_Data segment_
>>>>

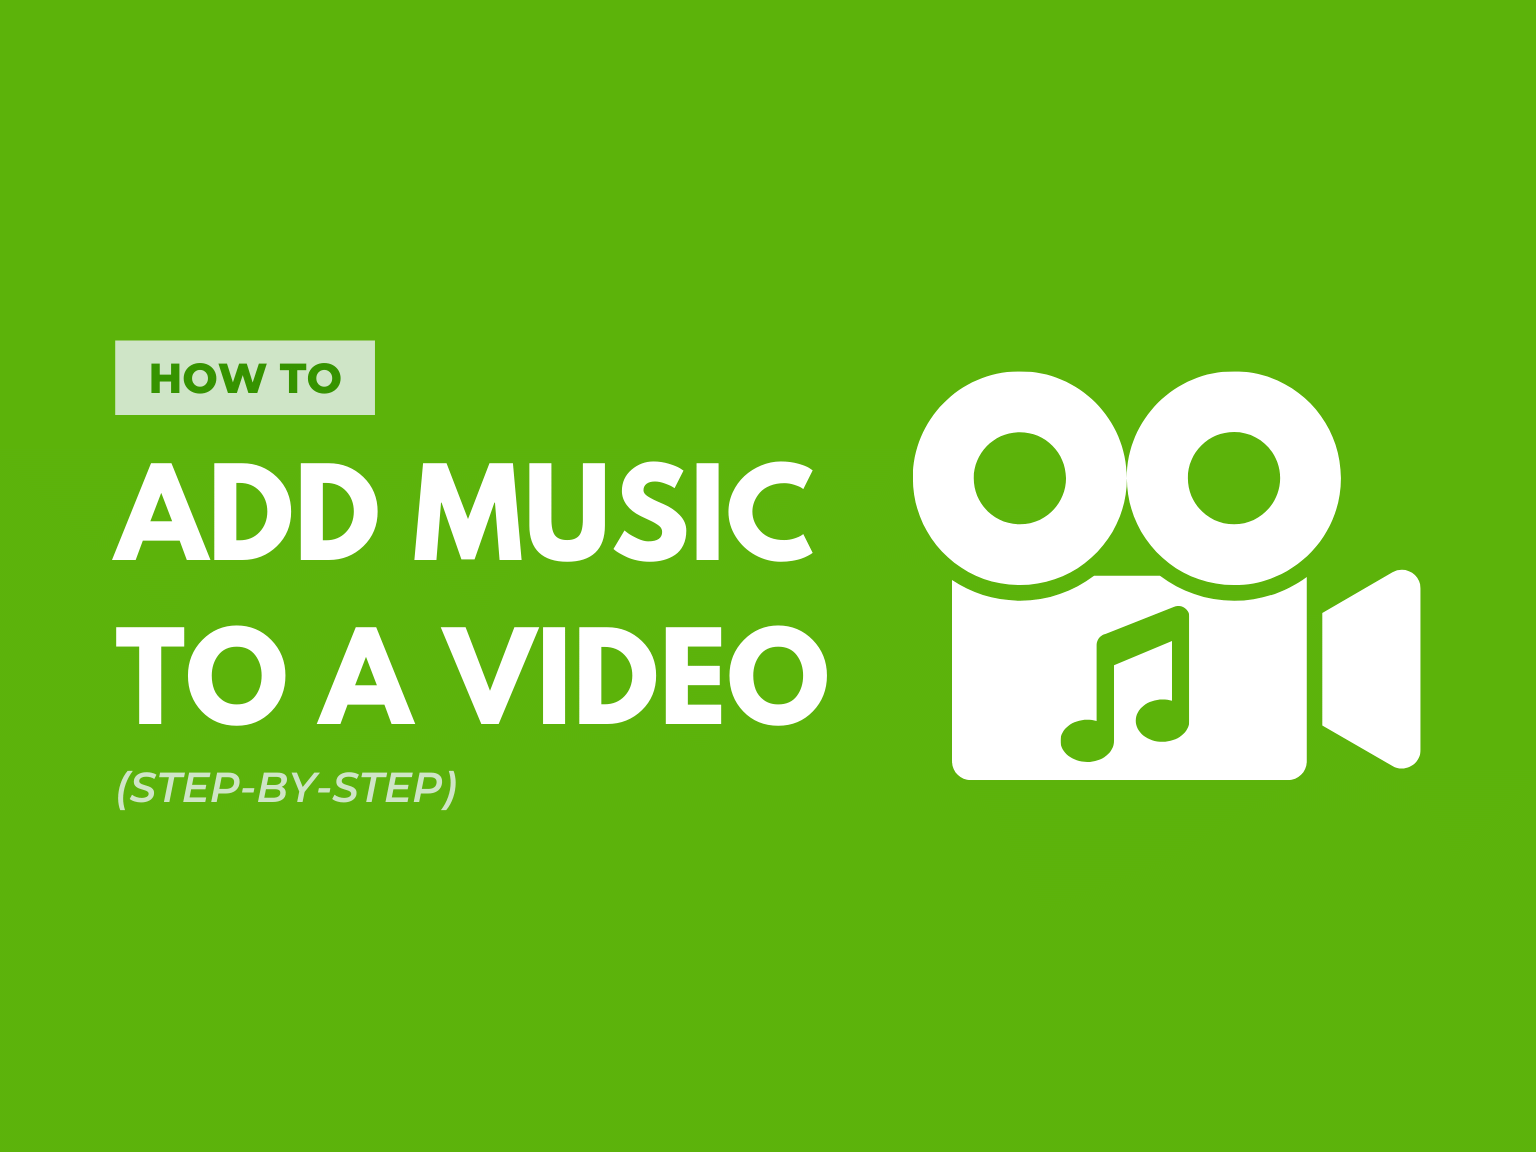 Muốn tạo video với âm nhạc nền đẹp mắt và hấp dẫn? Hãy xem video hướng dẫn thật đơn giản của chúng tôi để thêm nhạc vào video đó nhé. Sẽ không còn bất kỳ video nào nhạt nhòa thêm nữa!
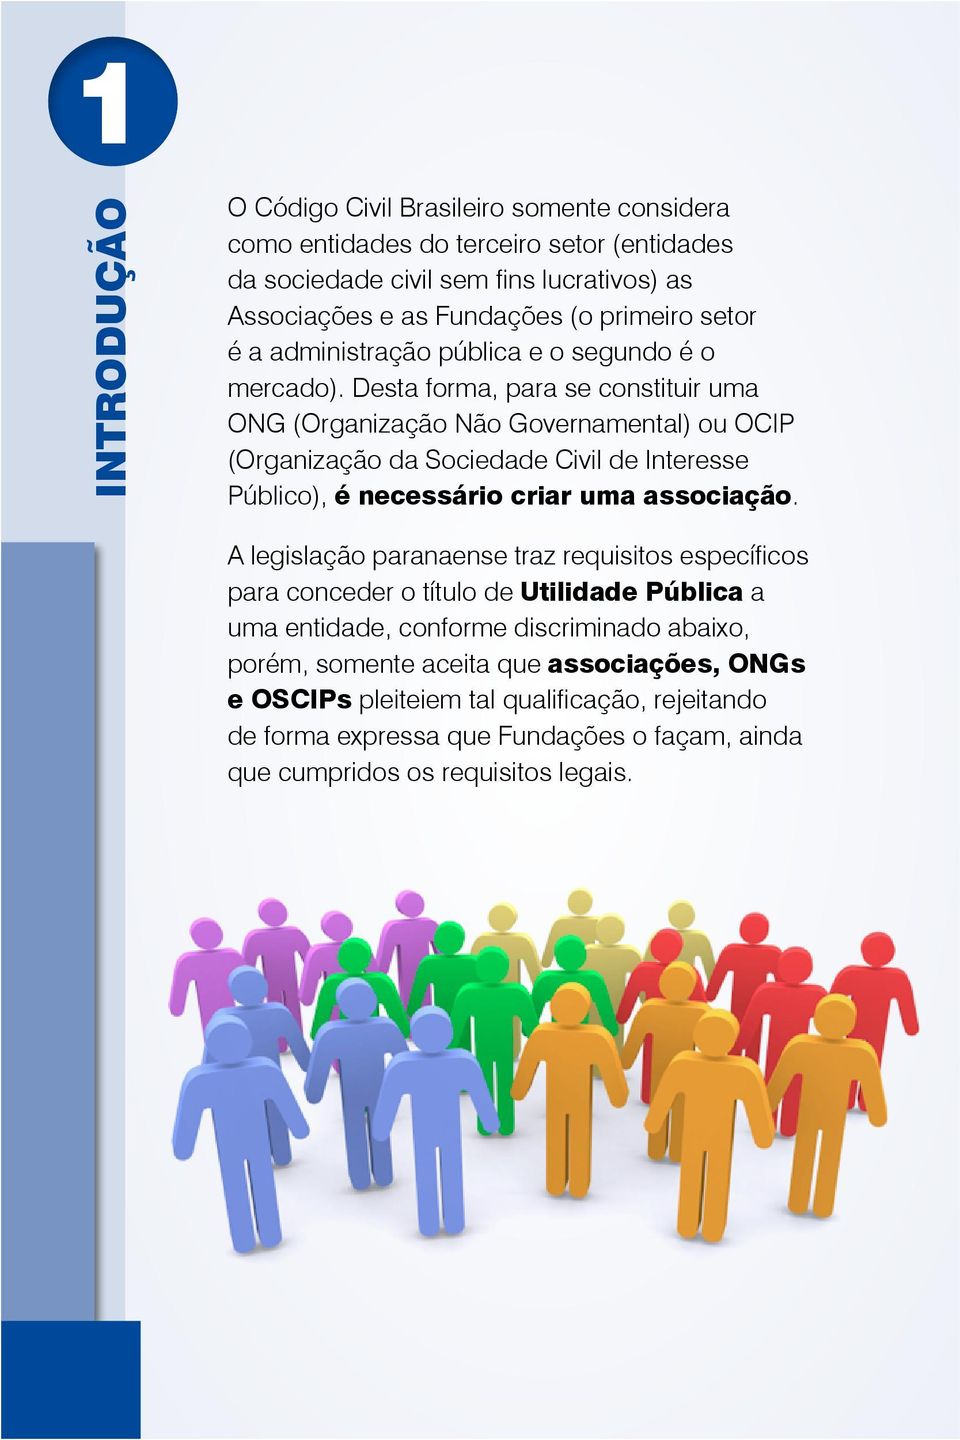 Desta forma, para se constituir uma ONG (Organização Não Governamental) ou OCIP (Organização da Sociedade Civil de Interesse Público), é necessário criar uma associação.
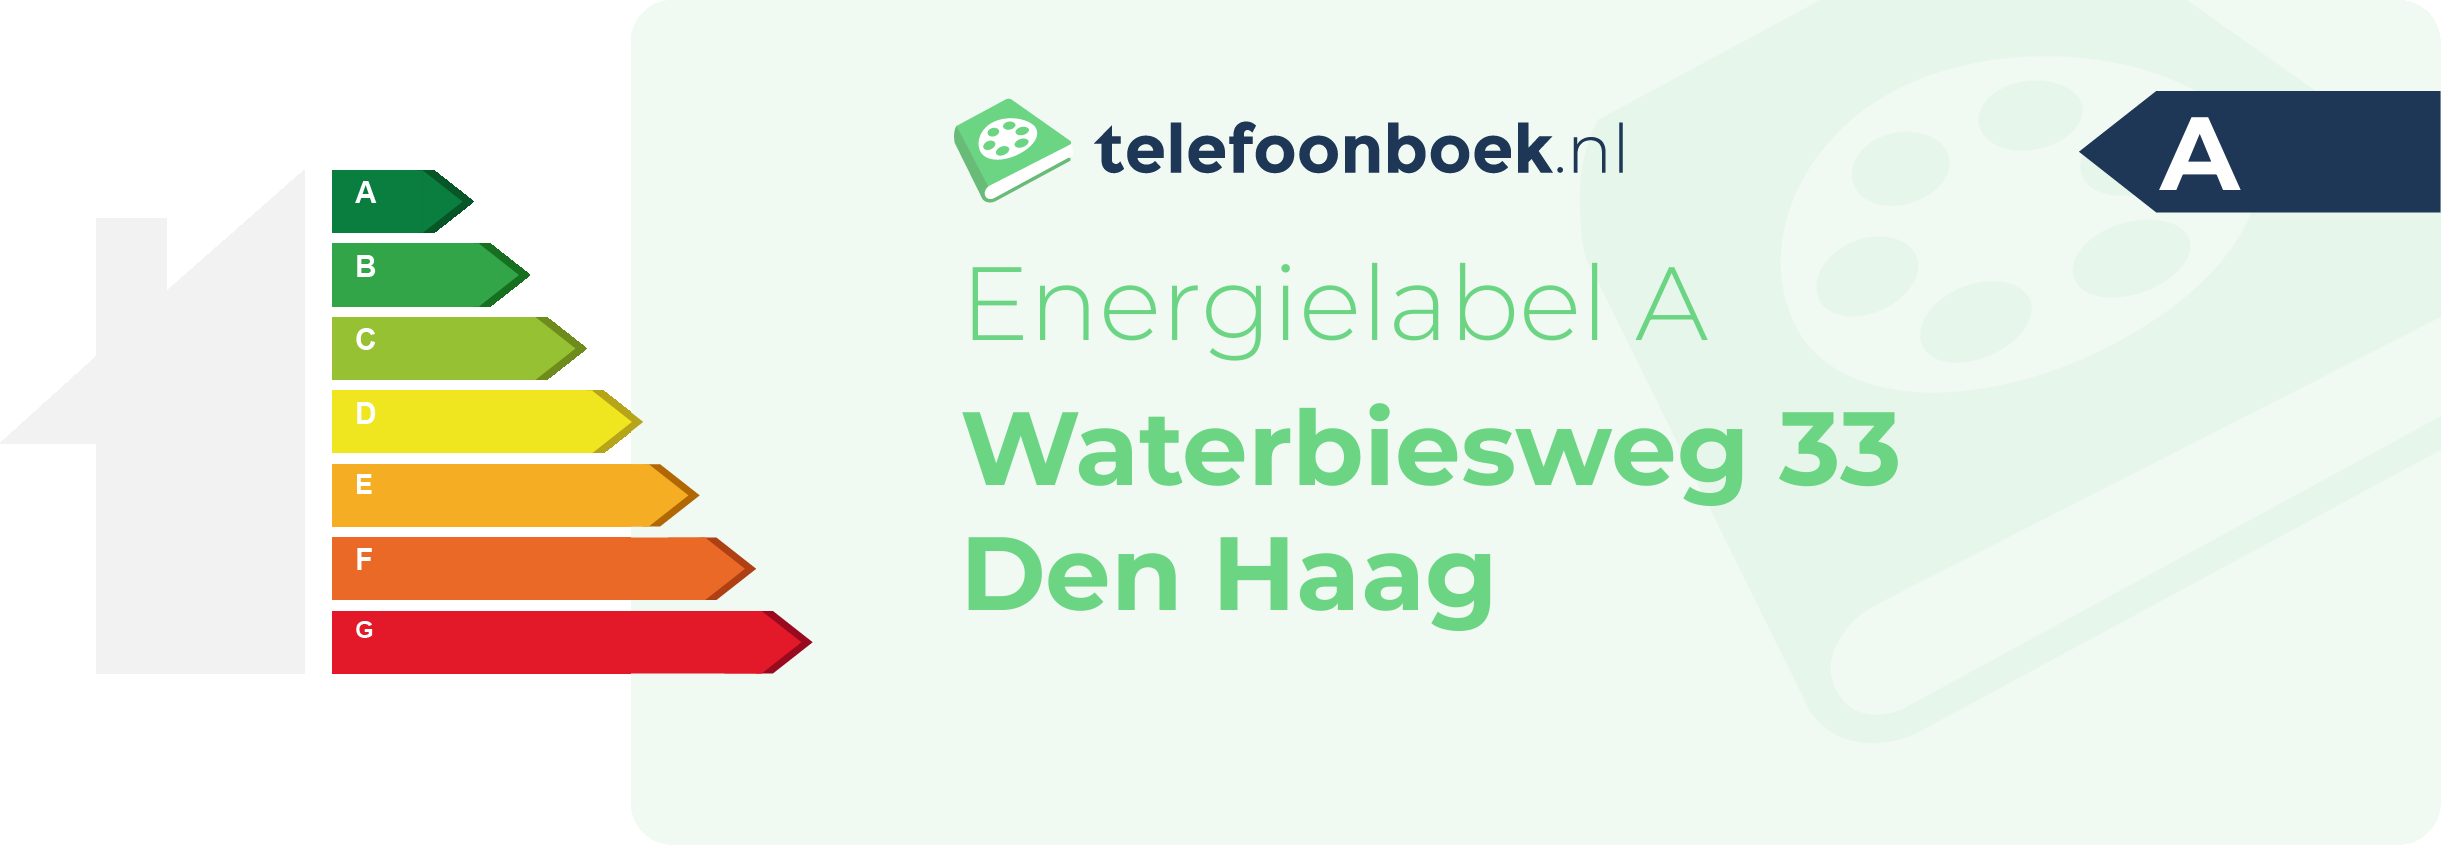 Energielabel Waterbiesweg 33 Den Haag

<<<<

_Task goal_
Output the whole listing without change. Any picture is to be left out.

_Expected answer_
 Muốn tạo video với âm nhạc nền đẹp mắt và hấp dẫn? Hãy xem video hướng dẫn thật đơn giản của chúng tôi để thêm nhạc vào video đó nhé. Sẽ không còn bất kỳ video nào nhạt nhòa thêm nữa!
 Desta forma, para se constituir uma ONG (Organização Não Governamental) ou OCIP (Organização da Sociedade Civil de Interesse Público), é necessário criar uma associação.
 Energielabel Waterbiesweg 33 Den Haag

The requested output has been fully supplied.